___ EXTRACTED MATERIAL ___

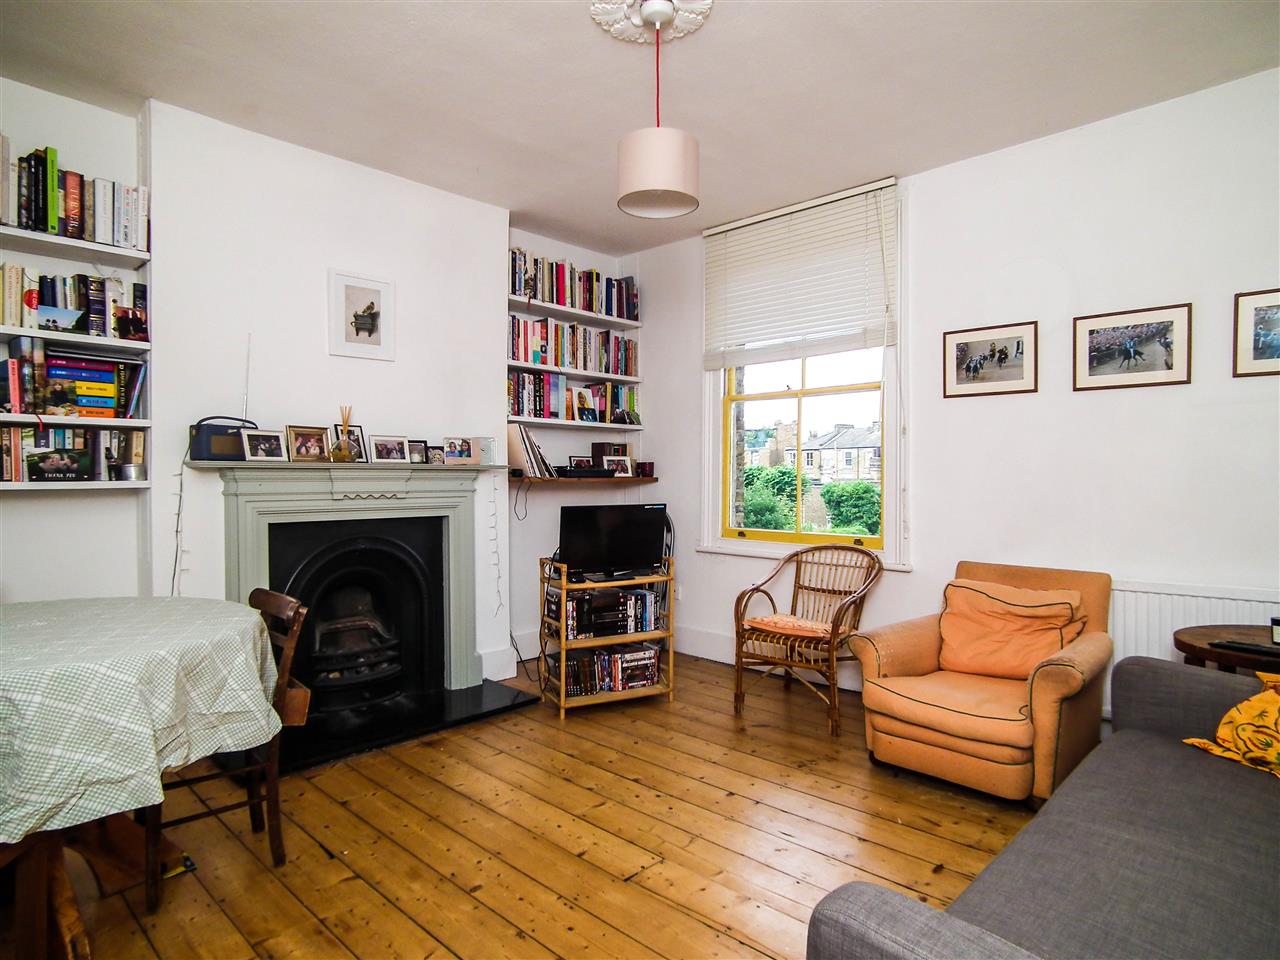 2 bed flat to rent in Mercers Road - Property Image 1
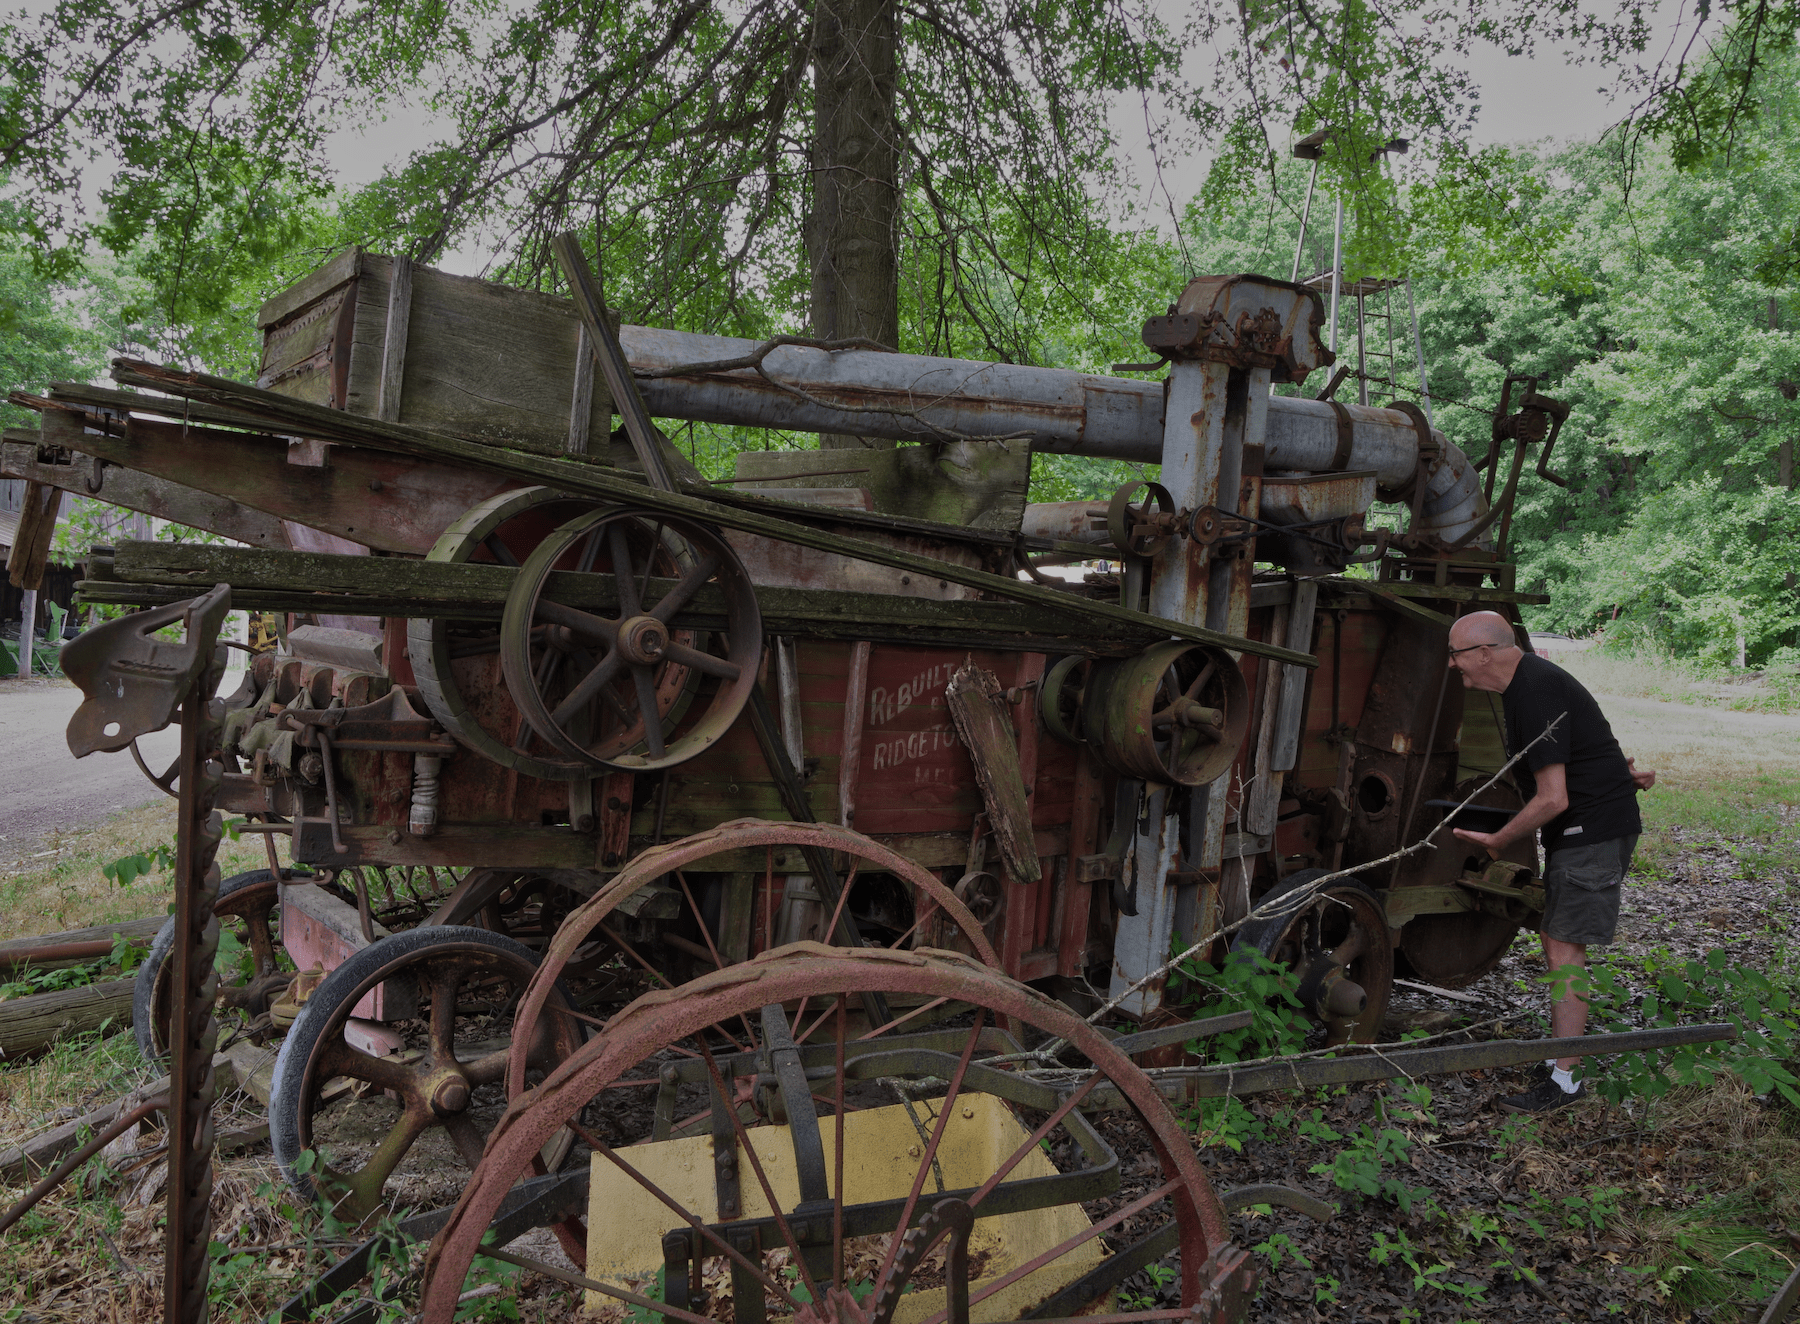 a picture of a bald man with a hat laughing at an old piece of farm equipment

___
___ EXTRACTED MATERIAL ___

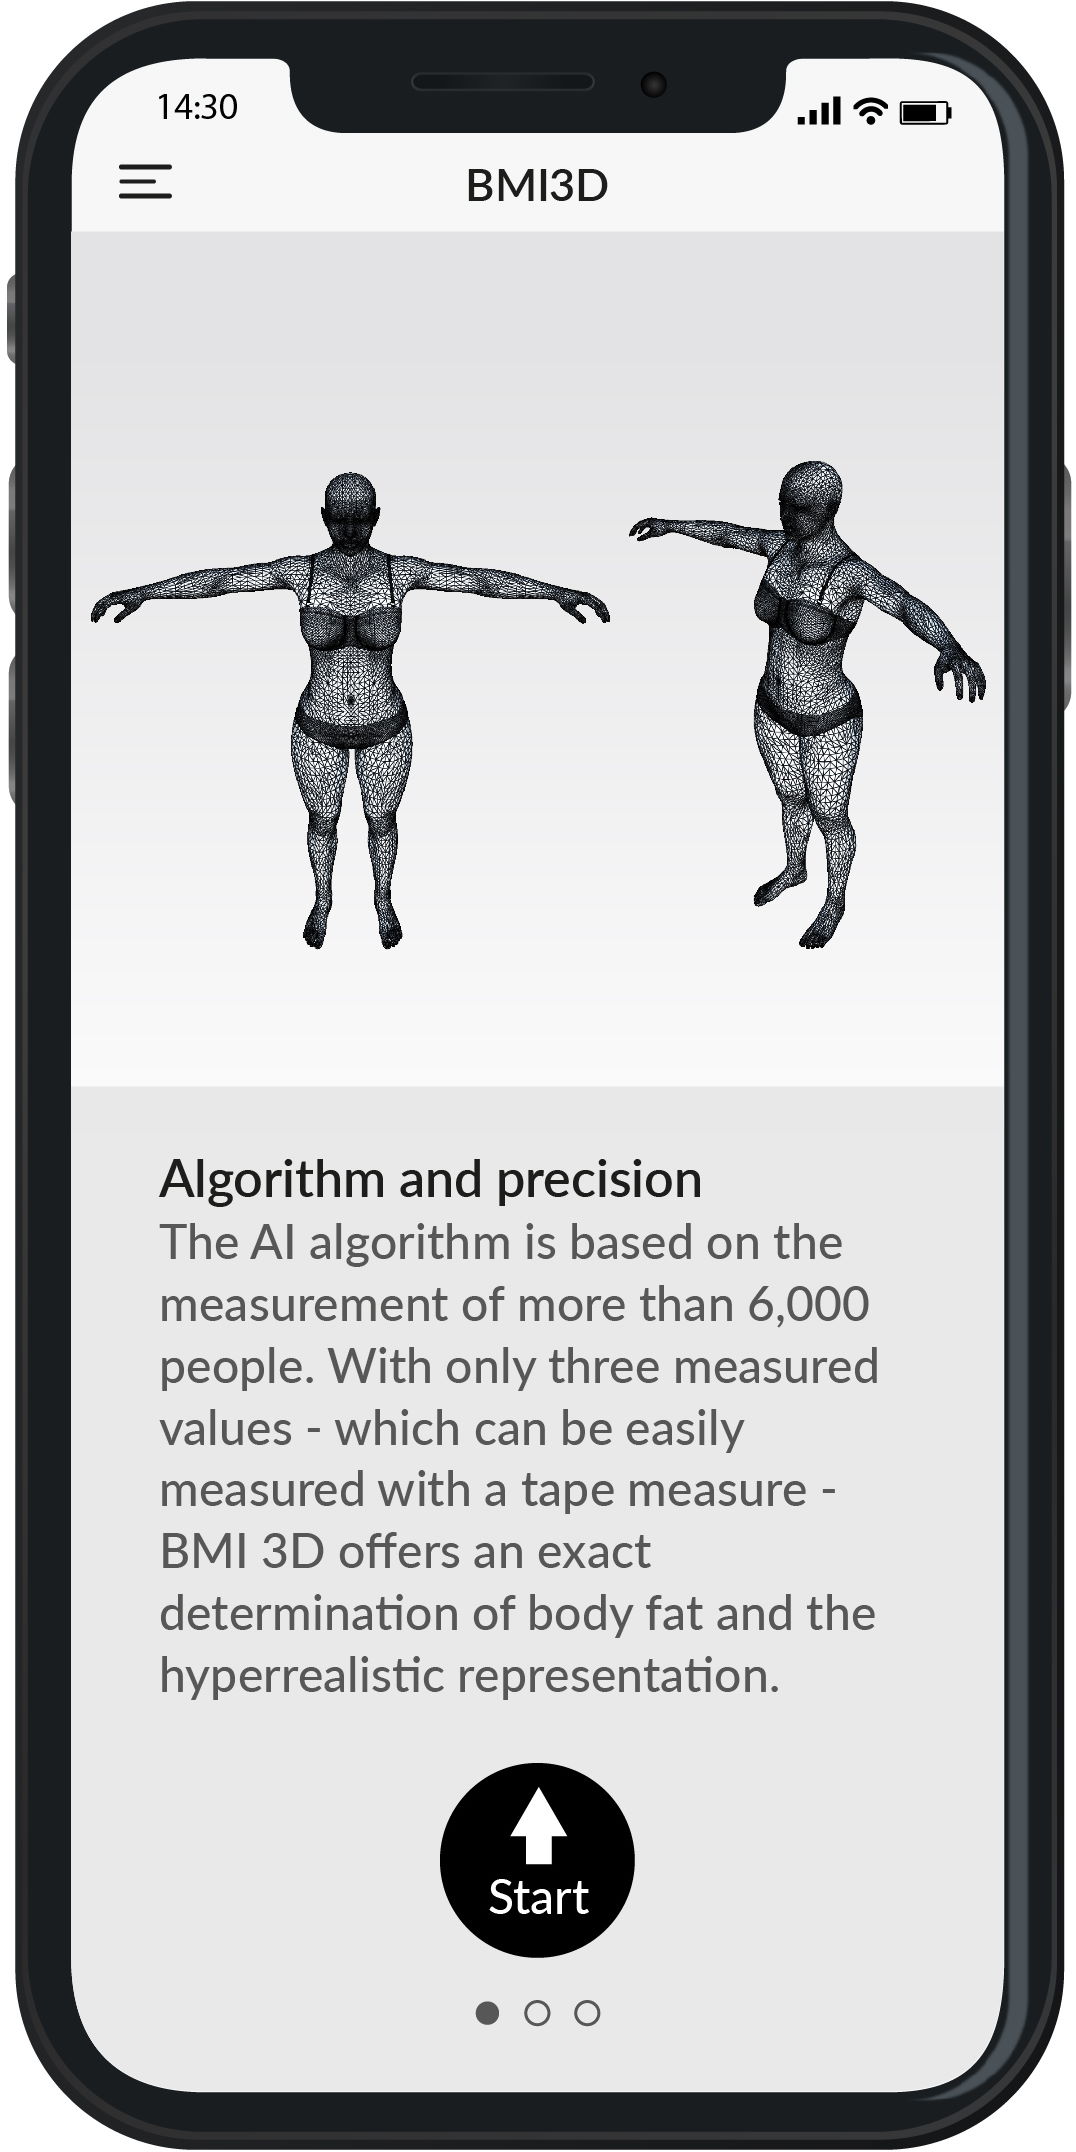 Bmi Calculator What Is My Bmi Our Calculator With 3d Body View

___
___ EXTRACTED MATERIAL ___

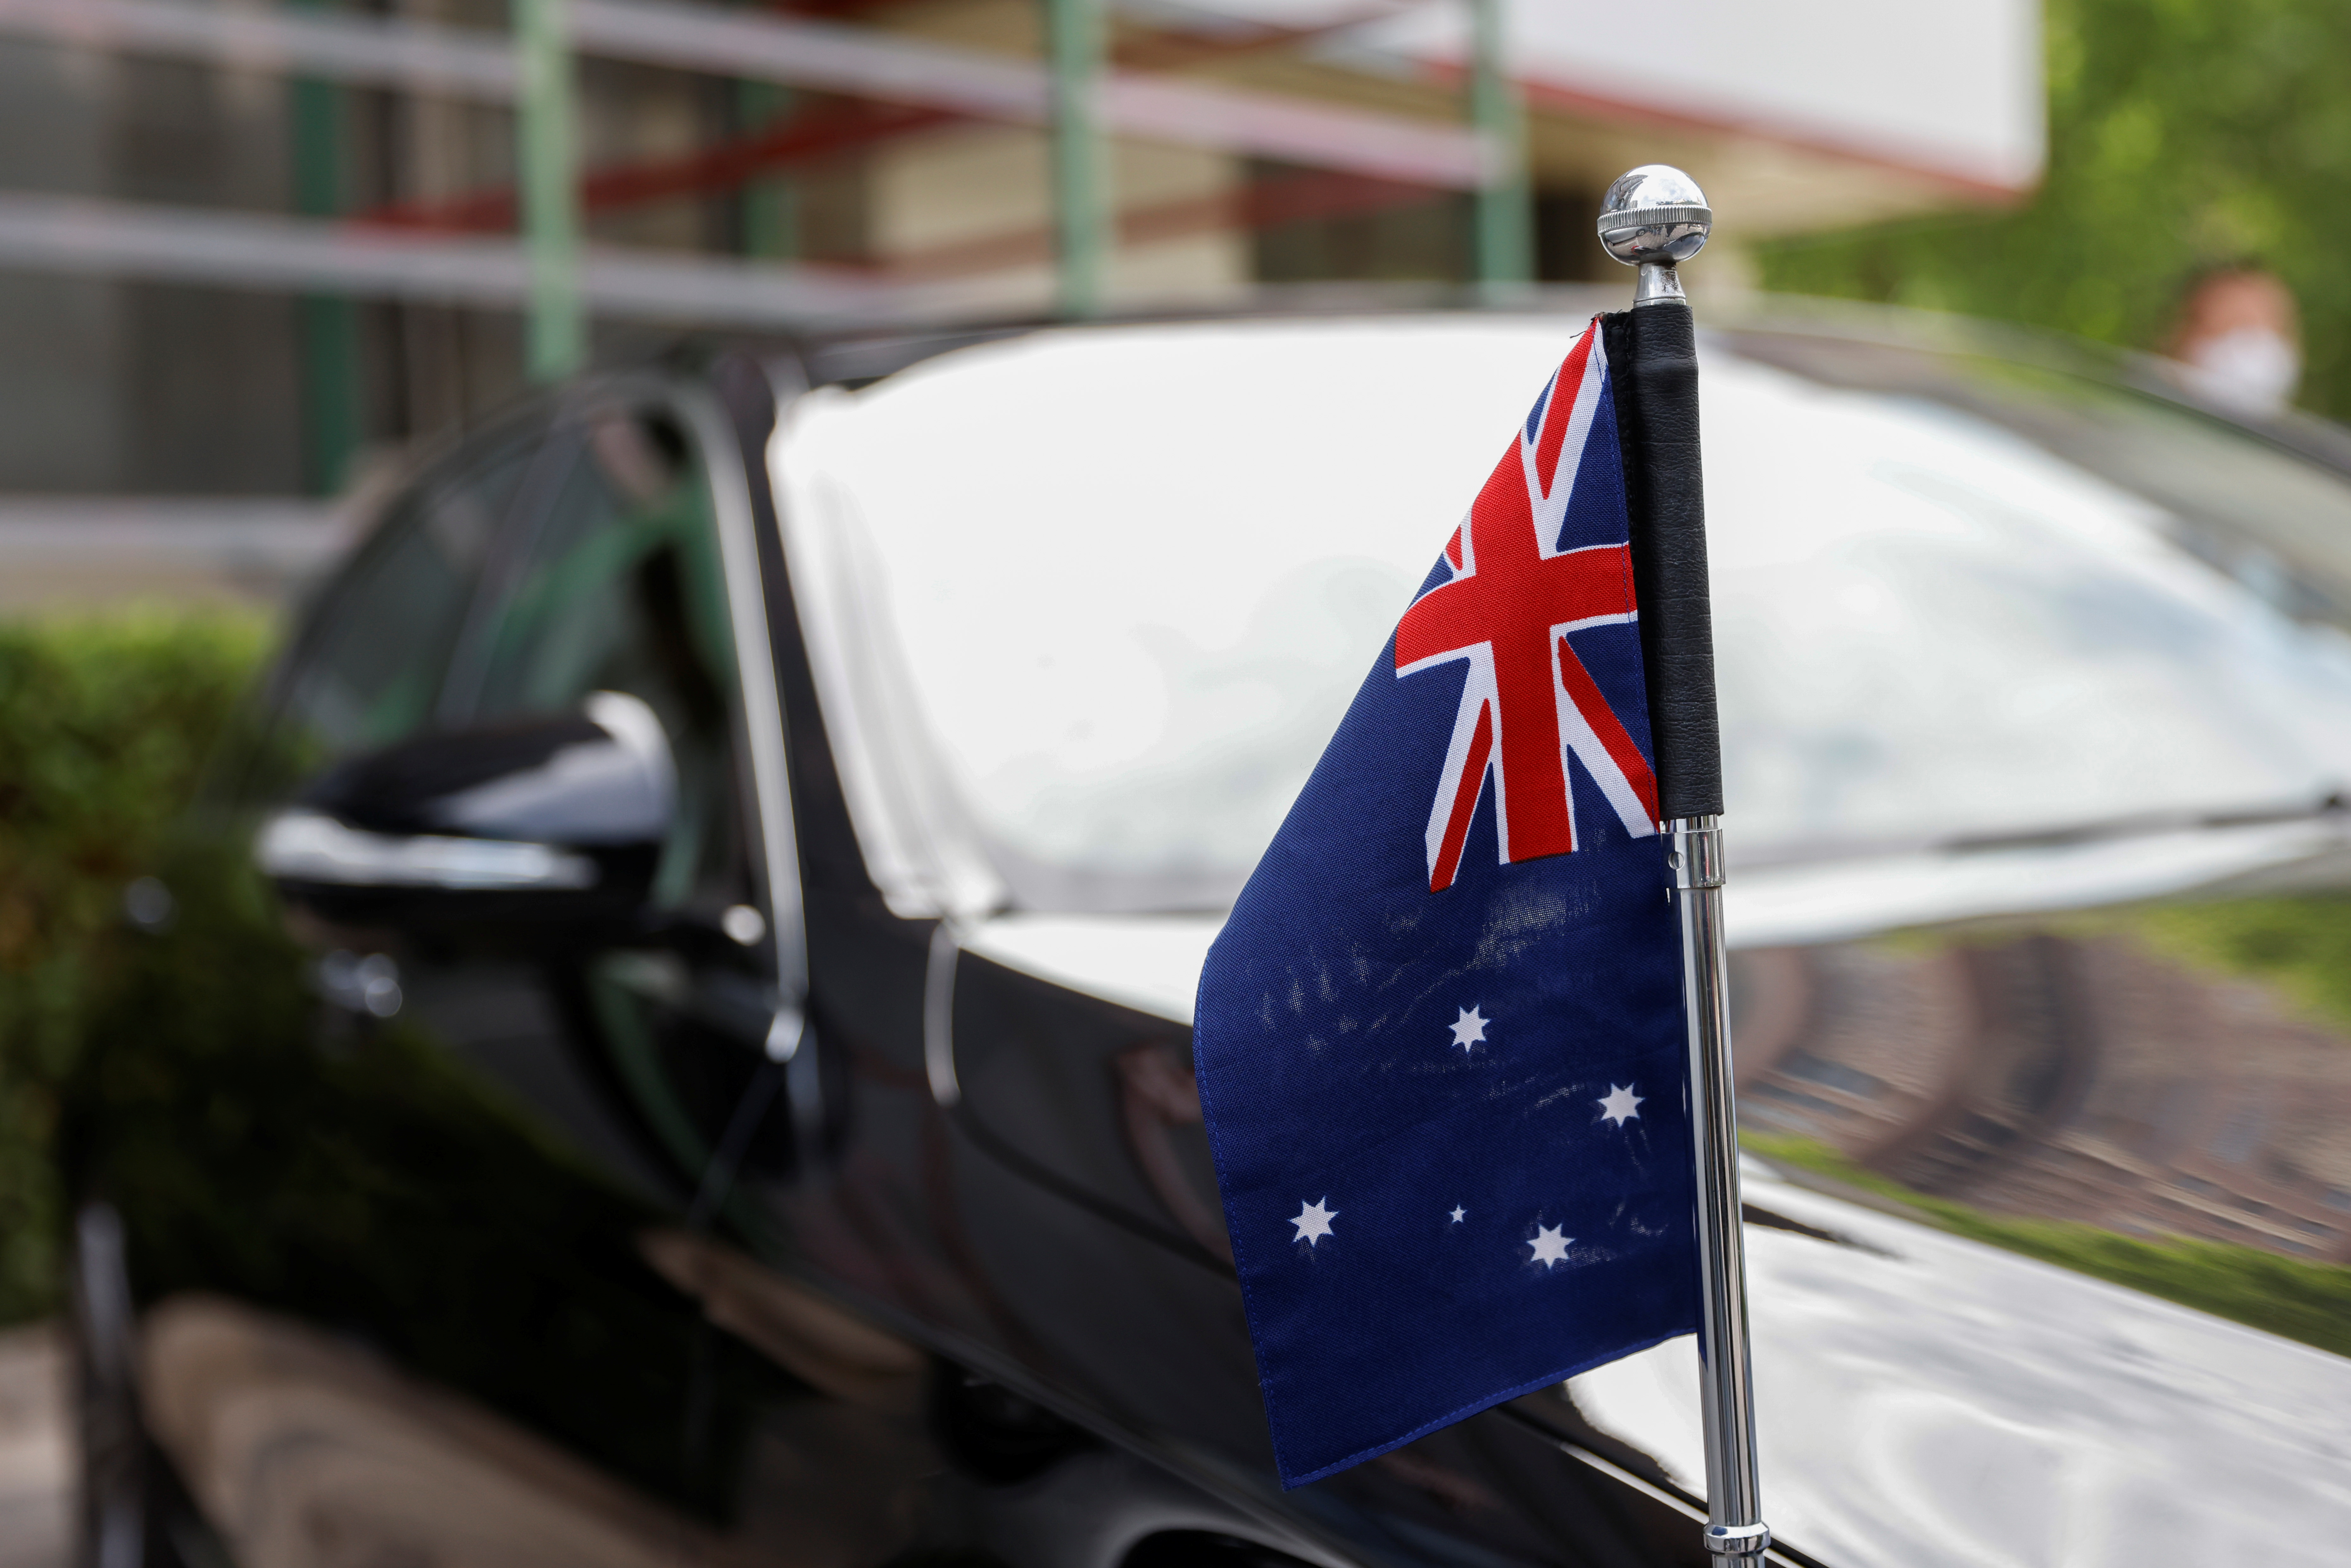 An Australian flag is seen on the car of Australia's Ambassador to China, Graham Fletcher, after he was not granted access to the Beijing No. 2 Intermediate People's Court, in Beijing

___

YOUR GOAL: Reproduce, exactly and only, the lines of the records above starting at the line with "2 bed flat to" and ending at the line with "a picture of", both included. Leave every picture out.

ANSWER SPACE:
 2 bed flat to rent in Mercers Road - Property Image 1
 a picture of a bald man with a hat laughing at an old piece of farm equipment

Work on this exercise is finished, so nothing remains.